Reg SCI Does Not Go Far Enough

 

After a long wait, the SEC adopted a new rule yesterday known as Reg SCI.  Reg SCI which stands for Regulation Systems Compliance and Integrity states:

“Under Regulation SCI, self-regulatory organizations, certain alternative trading systems (ATSs), plan processors, and certain exempt clearing agencies will be required to have comprehensive policies and procedures in place for their technological systems.  The rules also provide a framework for these entities to, among other things, take appropriate corrective action when systems issues occur; provide notifications and reports to the SEC regarding systems problems and systems changes; inform members and participants about systems issues; conduct business continuity testing; and conduct annual reviews of their automated systems.”
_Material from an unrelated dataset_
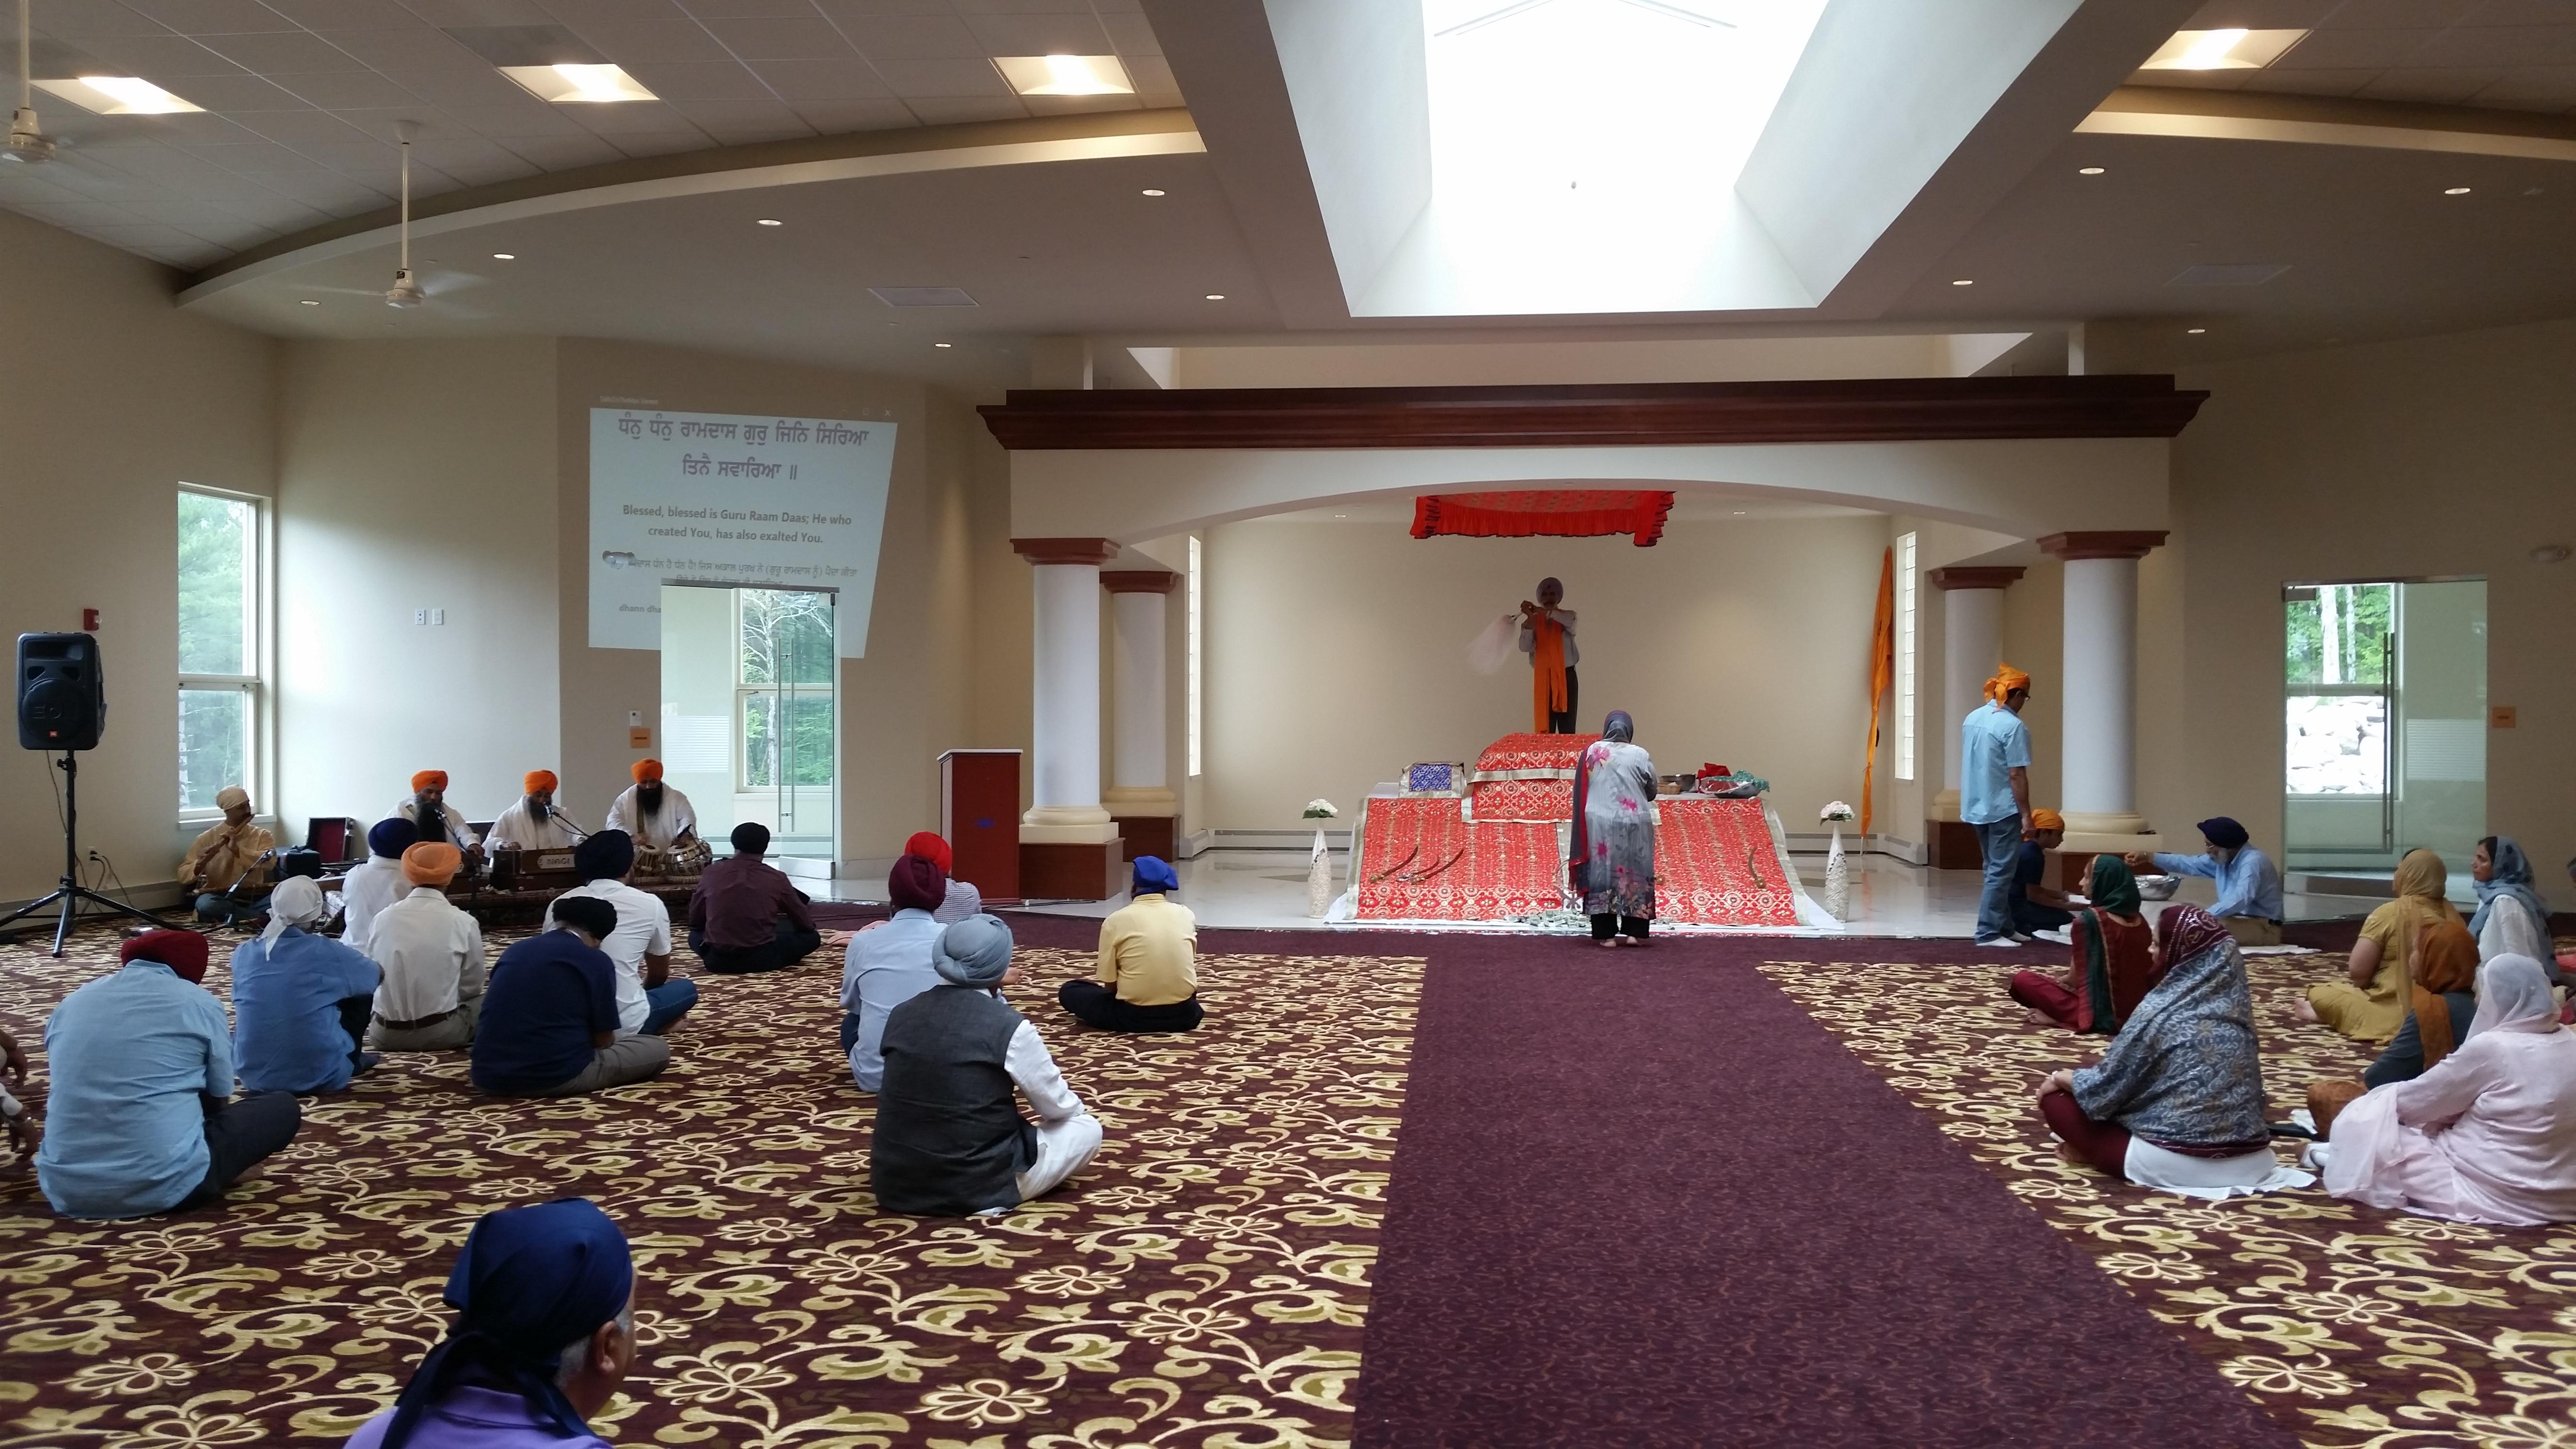 Gurdwara Sahib Sikh Study Circle - MapQuest

Considering how reliant our market is now on technology, we think that most folks would agree that the testing and maintenance checks which Reg SCI calls for are a good idea for our nations stock exchanges.  But does this new rule go far enough?  Should large broker dealers have also been covered under the new rule?  SEC Commissioner Kara Stein sure thinks they should have been.  In a public statement released yesterday, Commissioner Stein noted the many organizations that Reg SCI will not cover:

“Regulation SCI will, among other things, require approximately 44 entities to establish written policies and procedures reasonably designed to ensure that their systems have the capacity, integrity, resiliency, availability, and security adequate to maintain their operational capability.

But this is not enough. Specifically, today’s rule leaves out over 4,400 broker-dealers, 32 alternative trading venues trading equities, and 43 alternative trading venues trading fixed income and other non-equity securities.

Put another way, around $14 trillion worth of equity trades are ignored by Regulation SCI. We should be doing more in this rule. I am disappointed in this missed opportunity because so many important trading centers are left out.

Further, the rule also ignores intraday proprietary trading firms that use sophisticated algorithms to interact at high speeds with the market.”

​It disappoints us also that large internalizing broker dealers, which interact with a significant amount of retail order flow, are not covered under Reg SCI.  This means that firms like Knight Capital, which wreaked  havoc on the market in August 2012 when their rogue algorithm lost the firm $440 million in 45 minutes, are not covered under the new rule.  In response, internalizers like Knight have argued that they are already regulated under the SEC Market Access Rule and that their role in the market is not as critical as exchanges since orders can be routed around them if their systems fail.

And it’s not just large brokers that pose a systemic risk.  Even rather obscure proprietary high frequency trading firms (which will not be covered under Reg SCI) can pose systemic risk.  Take a look at this story that Professor Donald Mackenzie told in his paper “Be Grateful For Drizzle”:

“In a New York coffeehouse, a former high-frequency trader told me matter of factly that one of his colleagues had once made the simplest of slip-ups in a program: what mathematicians call a ‘sign error’, interchanging a plus and a minus. When the program started to run it behaved rather like the Knight program, building bigger and bigger trading positions, in this case at an exponential rate: doubling them, then redoubling them, and so on. ‘It took him 52 seconds to realise what was happening, something was terribly wrong, and he pressed the red button,’ stopping the program. ‘By then we had lost $3 million.’ The trader’s manager calculated ‘that in another twenty seconds at the rate of the geometric progression,’ the trading firm would have been bankrupt, ‘and in another fifty or so seconds, our clearing broker’ – a major Wall Street investment bank – ‘would have been bankrupt, because of course if we’re bankrupt our clearing broker is responsible for our debts … it wouldn’t have been too many seconds after that the whole market would have gone.’‘”

Sure sounds like a lot of risk to us.  We think Commissioner Stein best summed up the lack of Reg SCI coverage with these questions:

Shouldn’t everyone with direct access to the trading centers have to implement basic policies and procedures to ensure that their computer systems are stable, secure, and contribute to resiliency in our market? Just as we license drivers and register and inspect vehicles for the safety and soundness on our nation’s roadways, shouldn’t there be minimum requirements or standards for anyone with direct electronic access to the equity markets?

This seems logical and prudent to us but unfortunately the industry lobbyists didn’t think so and have won this battle to minimize the new rule.